Start of Data excerpts

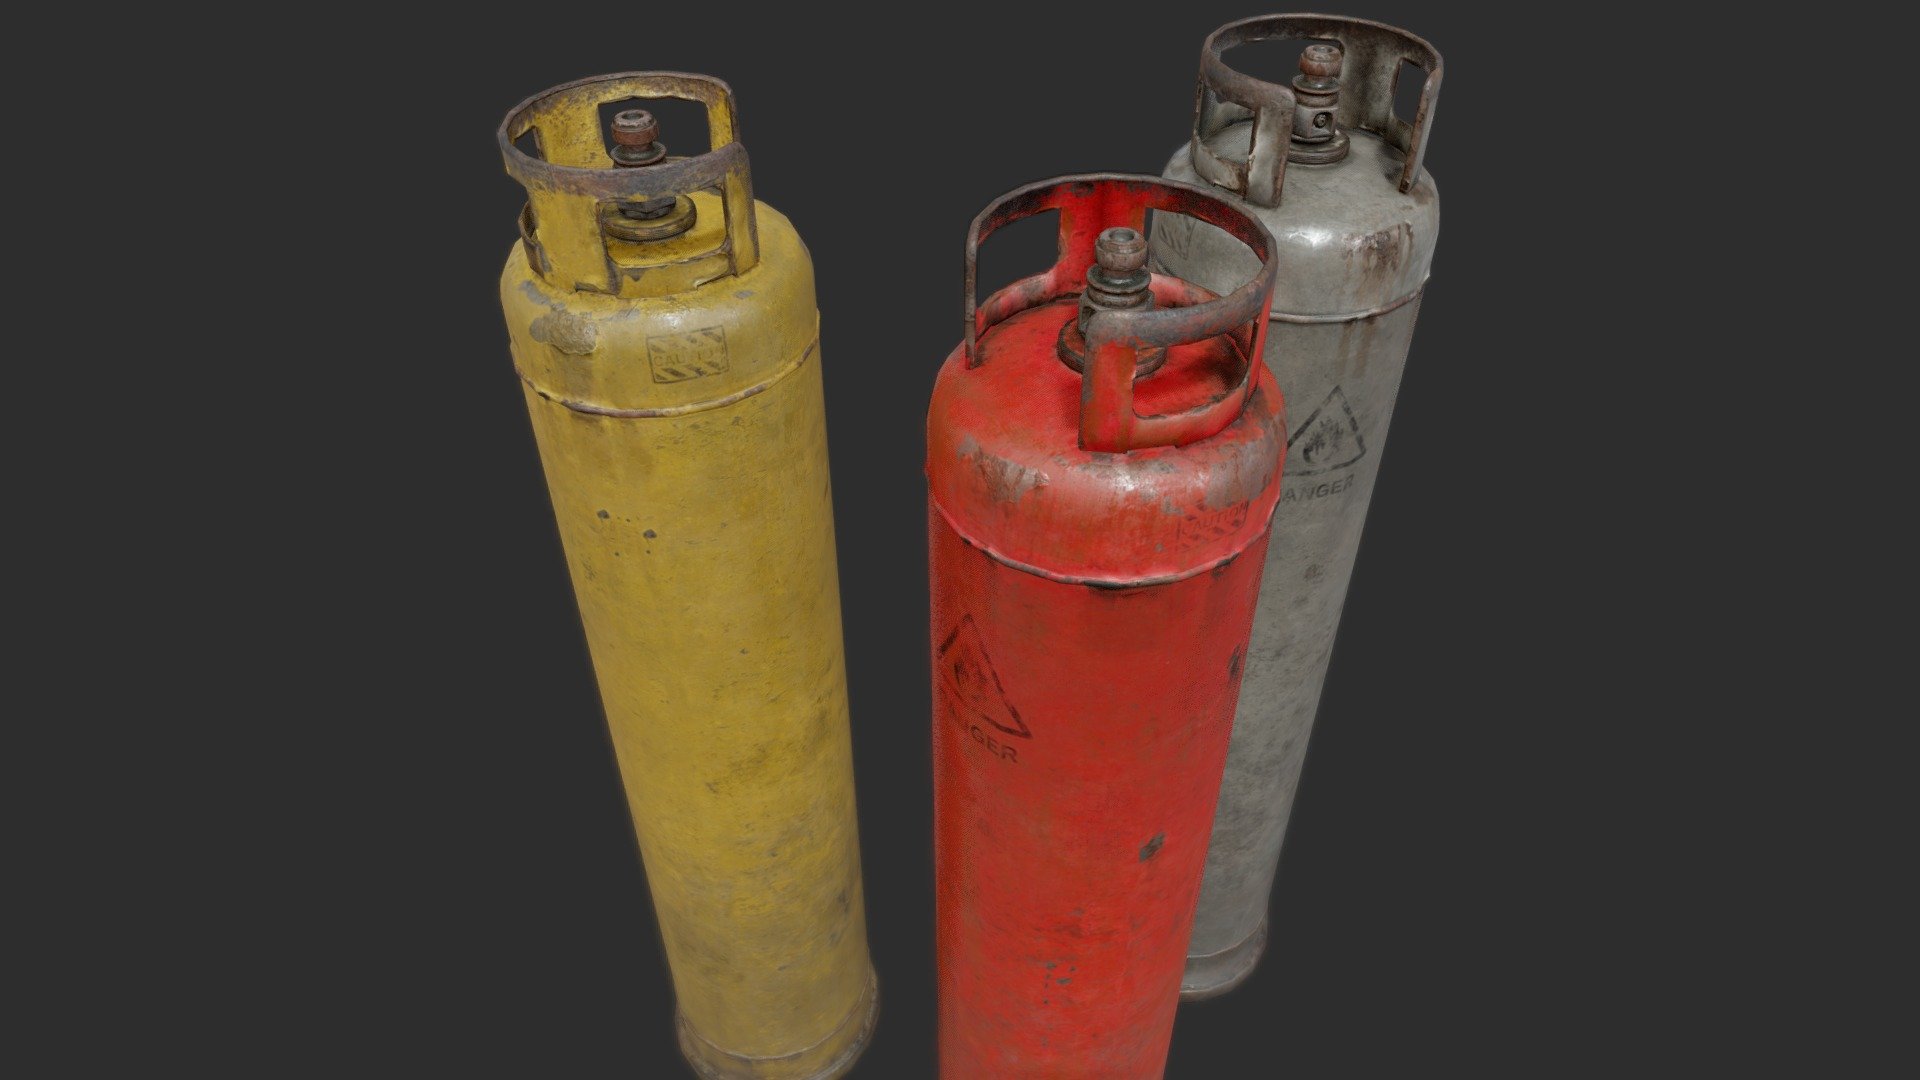 Propane Gas Cylinder 2 PBR

Very Detailed Low Poly Propane Gas Cylinder with High-Quality PBR Texturing and 3 color variations

Fits perfect for any PBR game as Decoration or a Tool, or Explosive. 

The Mesh is unwrapped, and UV Mapped PBR Painted 

Standard Textures
Base Color, Metallic, Roughness, Height, AO, Normal, Maps

Unreal 4 Textures
Base Color, Normal, OcclusionRoughnessMetallic

Unity 5/2017 Textures
Albedo, SpecularSmoothness, Normal, and AO Maps

4096x4096 TGA Textures

Please Note, this PBR Textures Only. 

Low Poly Triangles 

5442 Tris
2764 Verts

File Formats :

.Max2018
.Max2017
.Max2016
.Max2015
.FBX
.OBJ
.3DS
.DAE - Propane Gas Cylinders 2 PBR - Buy Royalty Free 3D model by GamePoly (@triix3d) 3d model
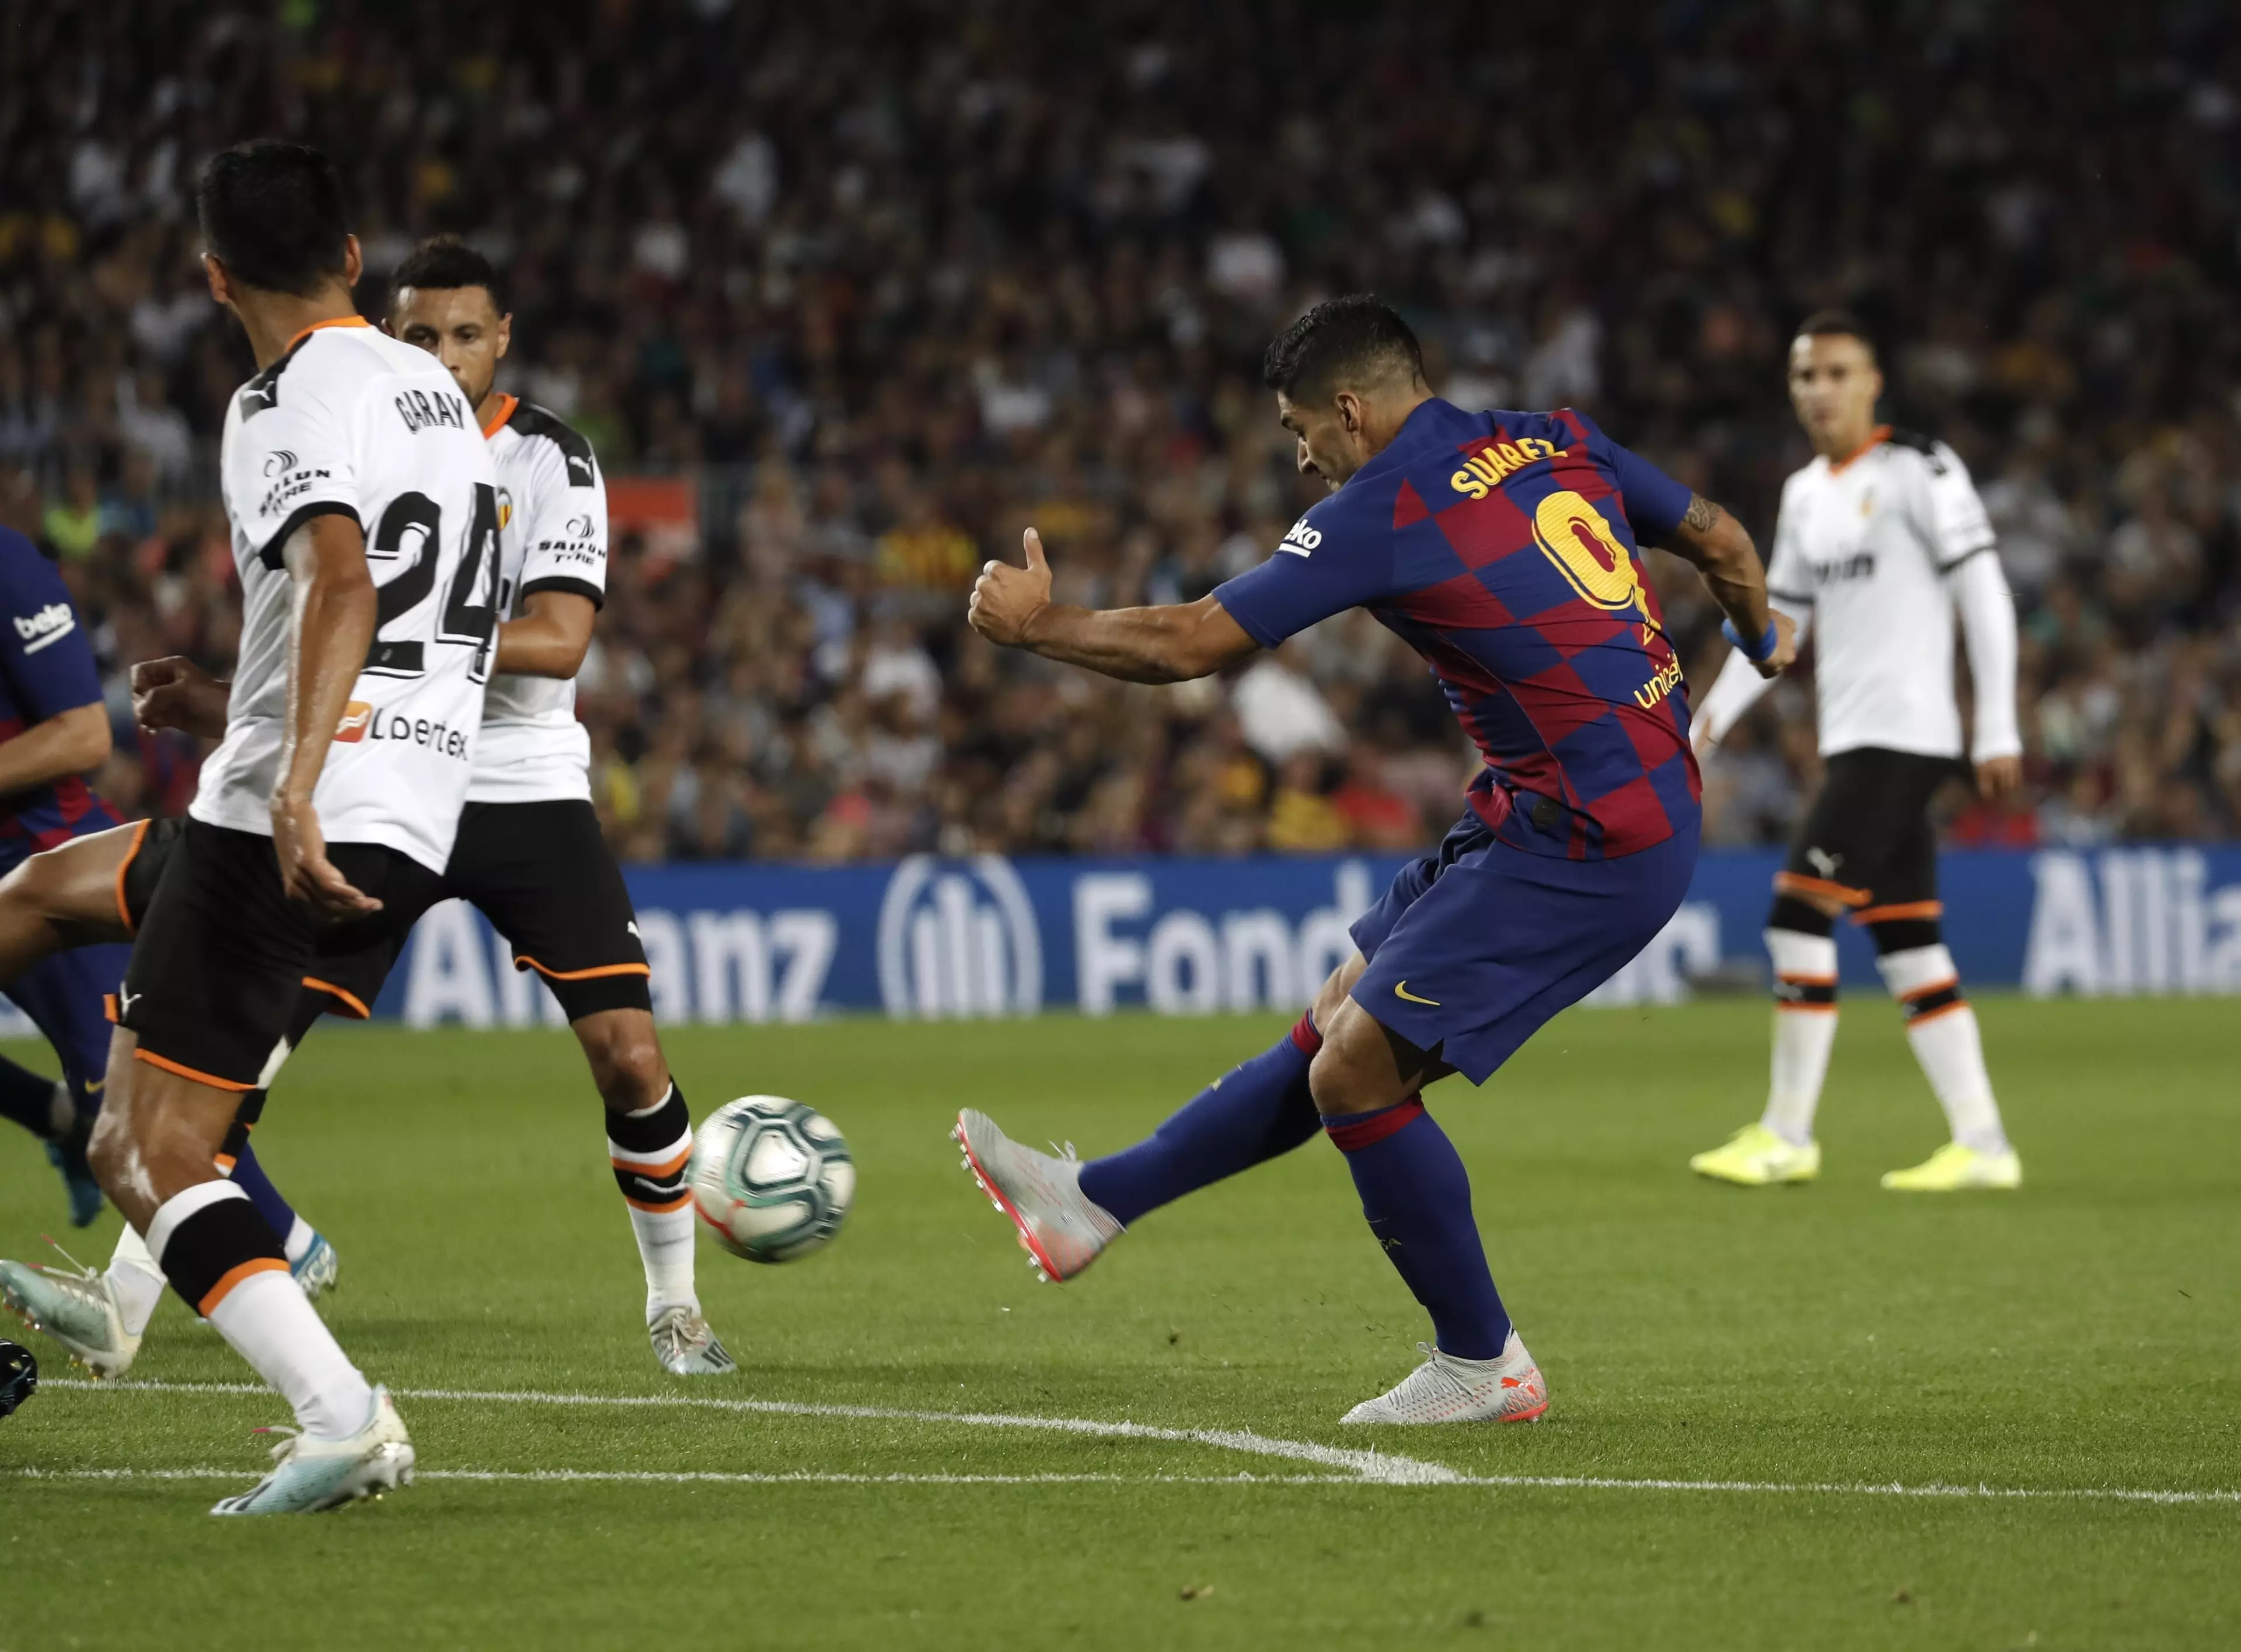 Luis Suarez scored a second-half double in a 5-2 thrashing for Barcelona

End of Data excerpts

**Exercise directions:** Down to the last line, return the entries above exactly, with no pictures.

**Answer to the problem:**
 Propane Gas Cylinder 2 PBR

Very Detailed Low Poly Propane Gas Cylinder with High-Quality PBR Texturing and 3 color variations

Fits perfect for any PBR game as Decoration or a Tool, or Explosive. 

The Mesh is unwrapped, and UV Mapped PBR Painted 

Standard Textures
Base Color, Metallic, Roughness, Height, AO, Normal, Maps

Unreal 4 Textures
Base Color, Normal, OcclusionRoughnessMetallic

Unity 5/2017 Textures
Albedo, SpecularSmoothness, Normal, and AO Maps

4096x4096 TGA Textures

Please Note, this PBR Textures Only. 

Low Poly Triangles 

5442 Tris
2764 Verts

File Formats :

.Max2018
.Max2017
.Max2016
.Max2015
.FBX
.OBJ
.3DS
.DAE - Propane Gas Cylinders 2 PBR - Buy Royalty Free 3D model by GamePoly (@triix3d) 3d model
 Luis Suarez scored a second-half double in a 5-2 thrashing for Barcelona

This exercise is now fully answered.